▶ [RECORDED DATA]:
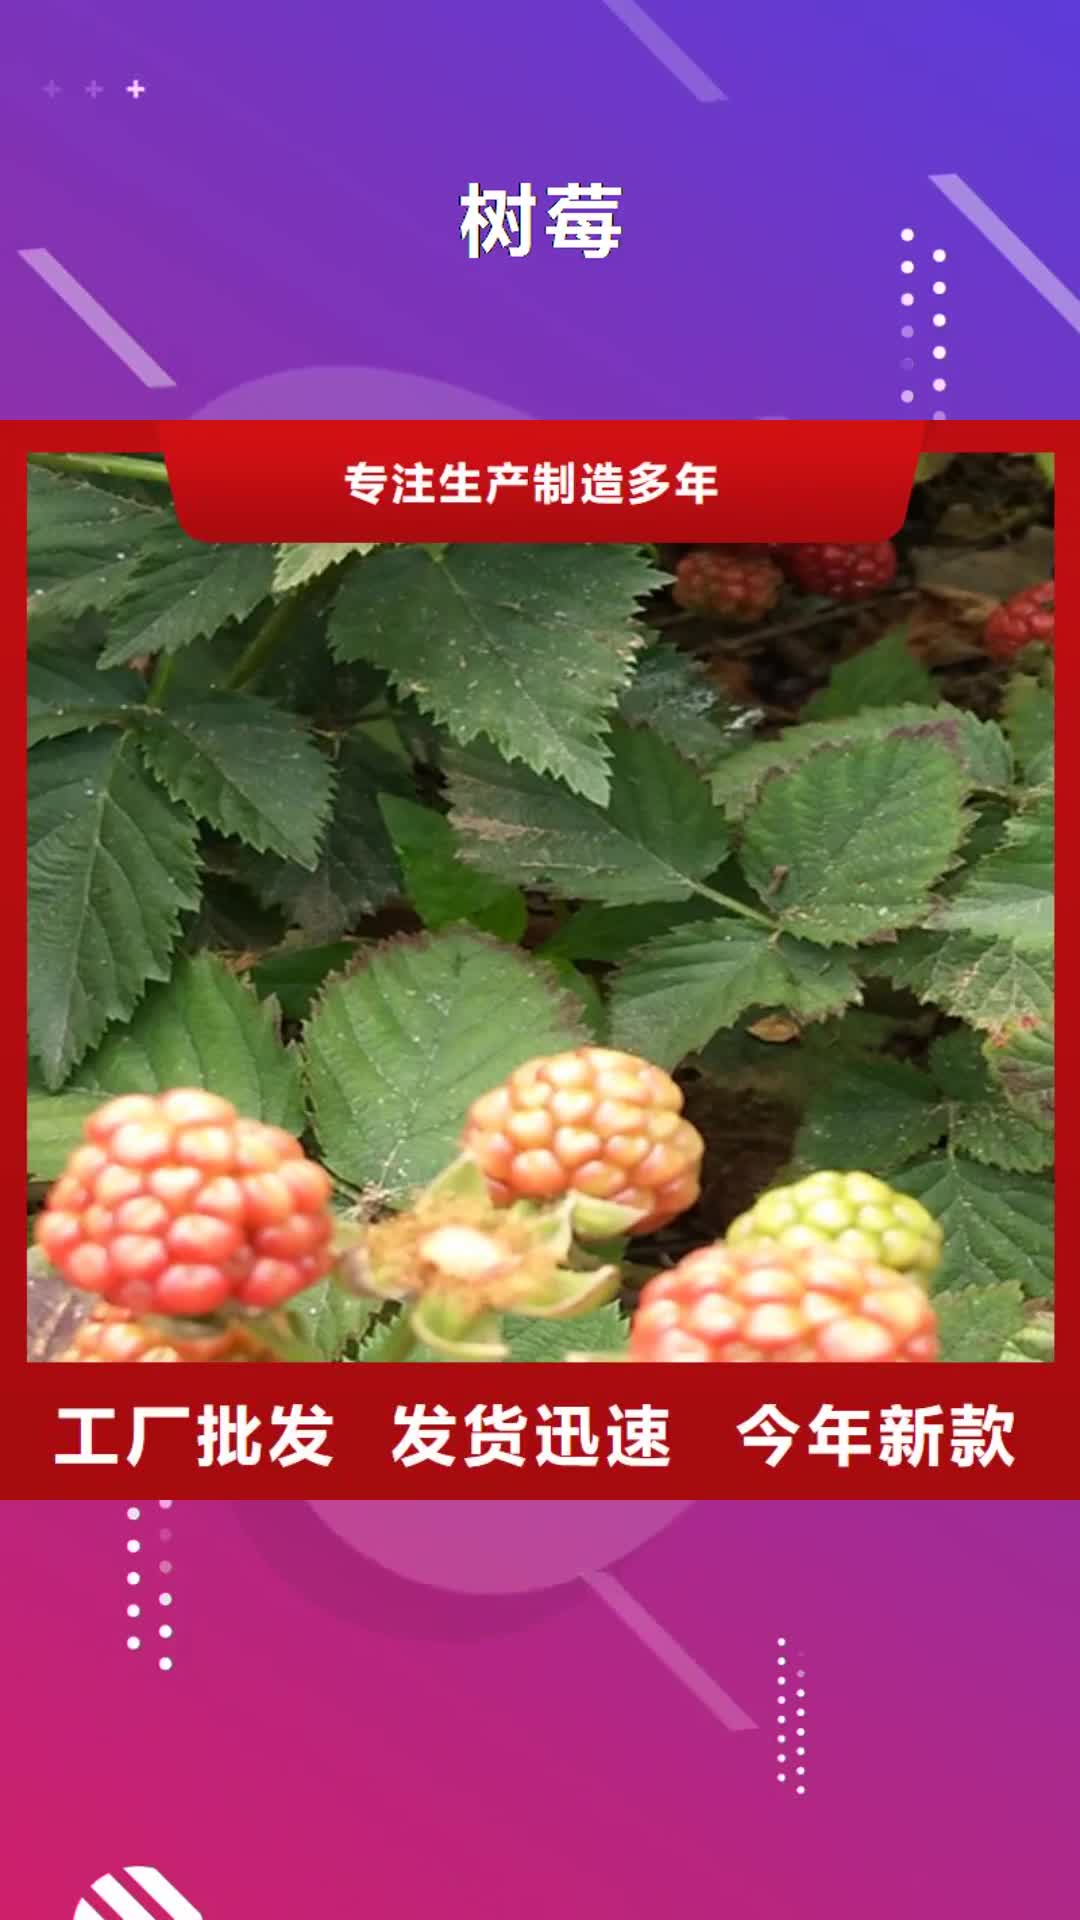 【鹤壁 树莓-梨树苗大品牌值得信赖】
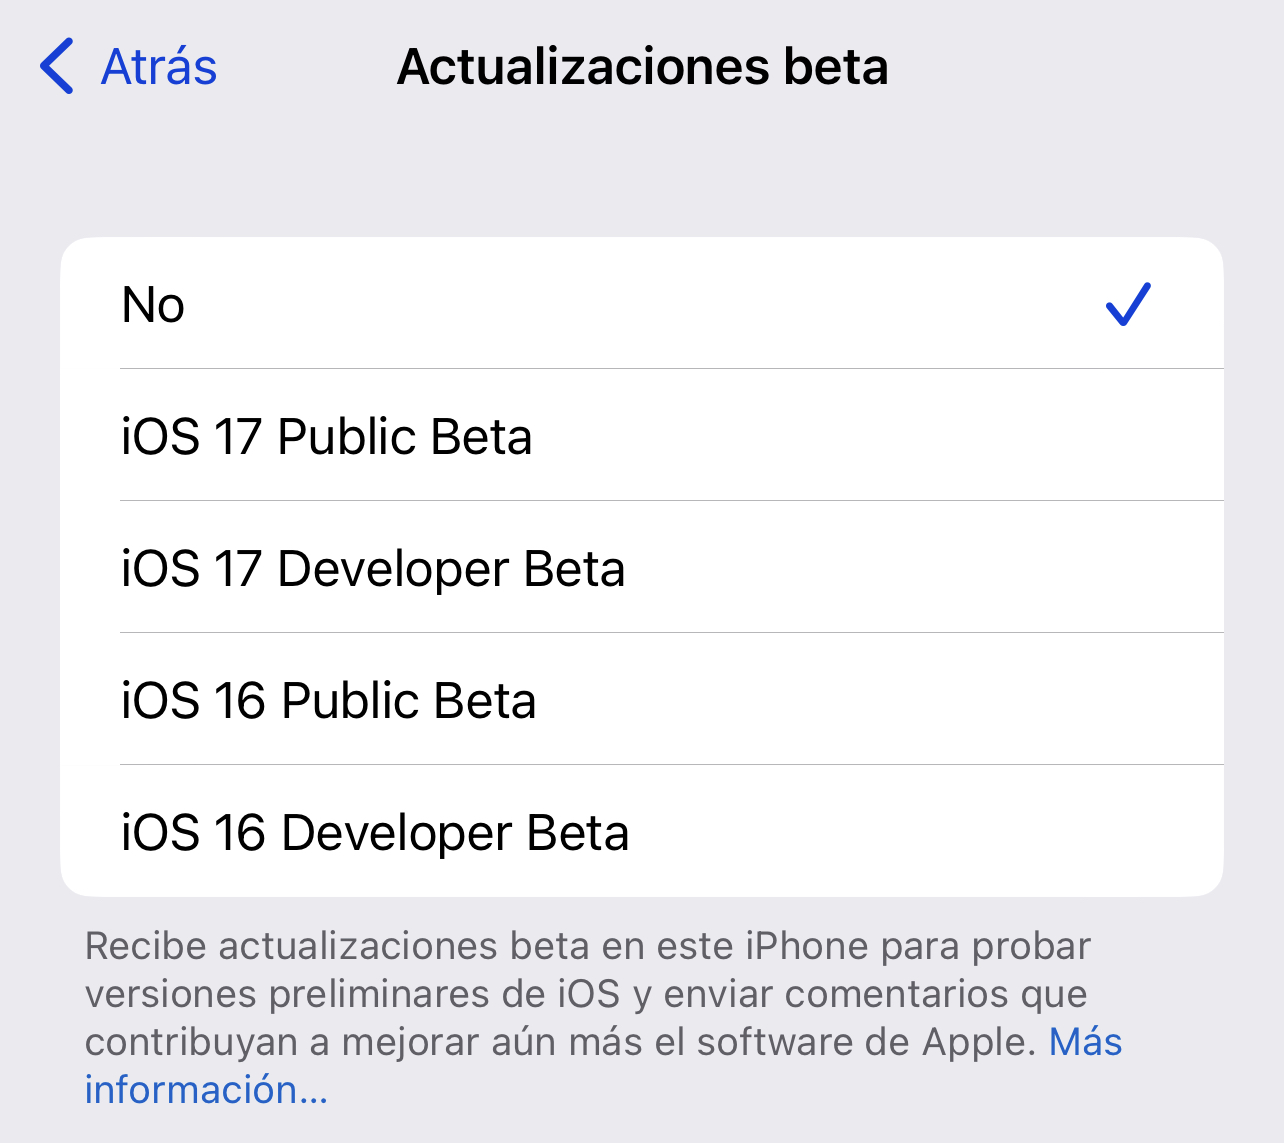 Actualizaciones beta de iOS 16 e iOS 17
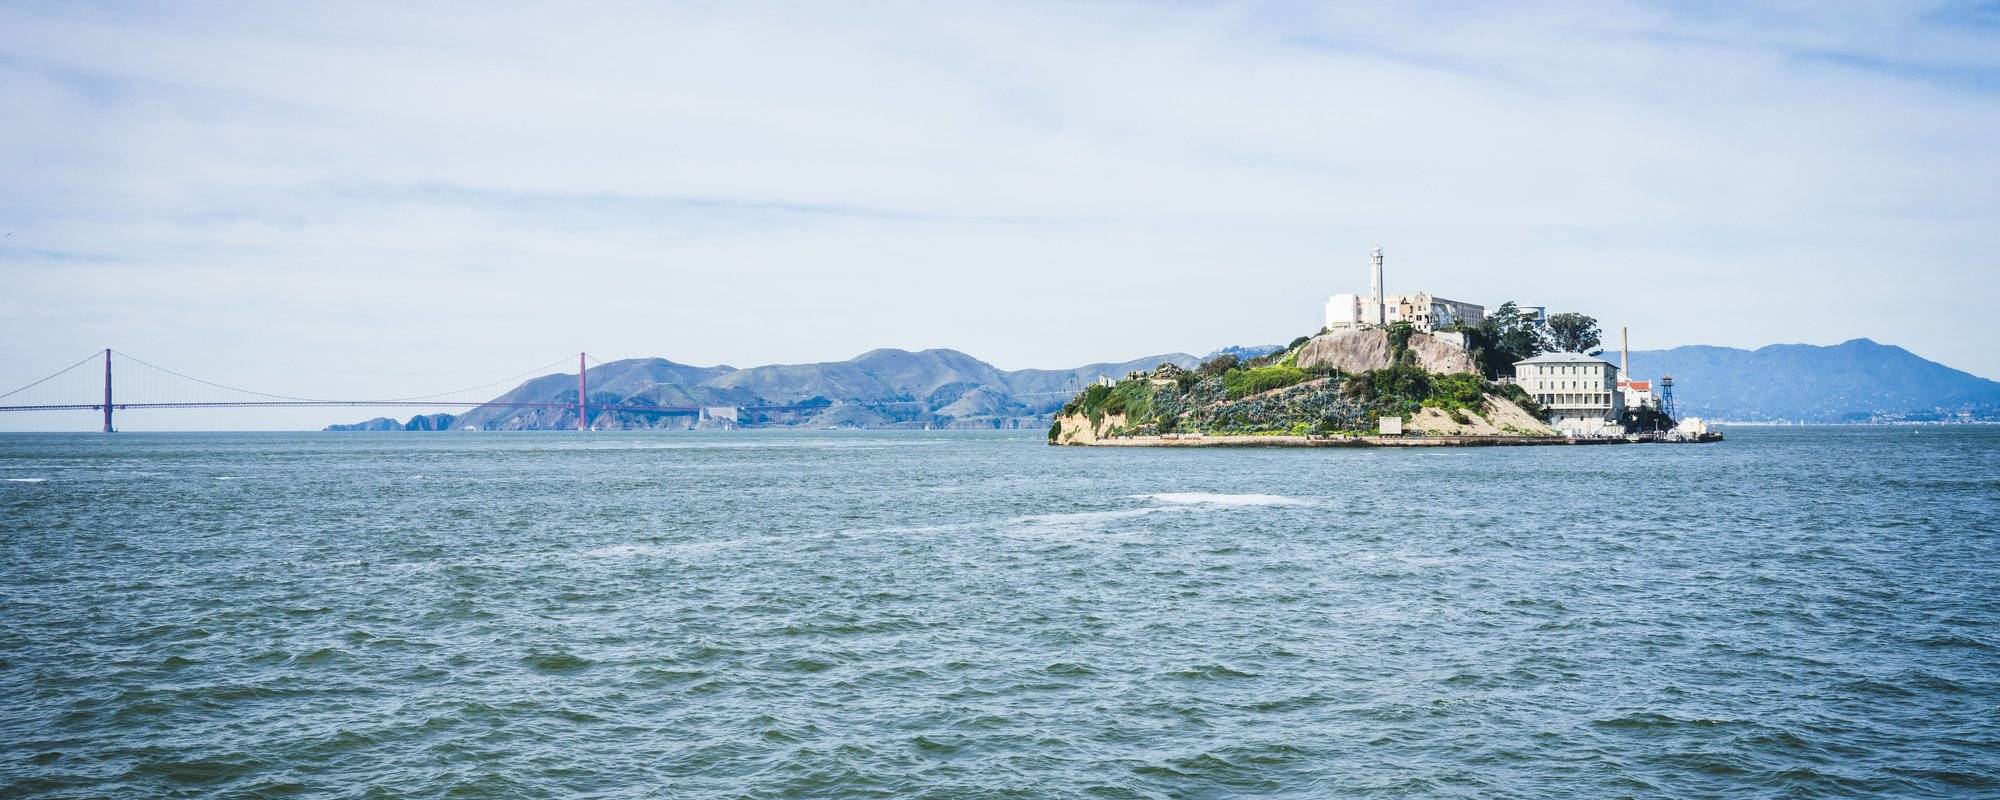 A Tour of Alcatraz (Part 1)

▶ [YOUR GOAL]: When you copy the data, keep every line exact and leave out each picture.

▶ [SOLUTION FOR THIS TASK]:
 【鹤壁 树莓-梨树苗大品牌值得信赖】
 Actualizaciones beta de iOS 16 e iOS 17
 A Tour of Alcatraz (Part 1)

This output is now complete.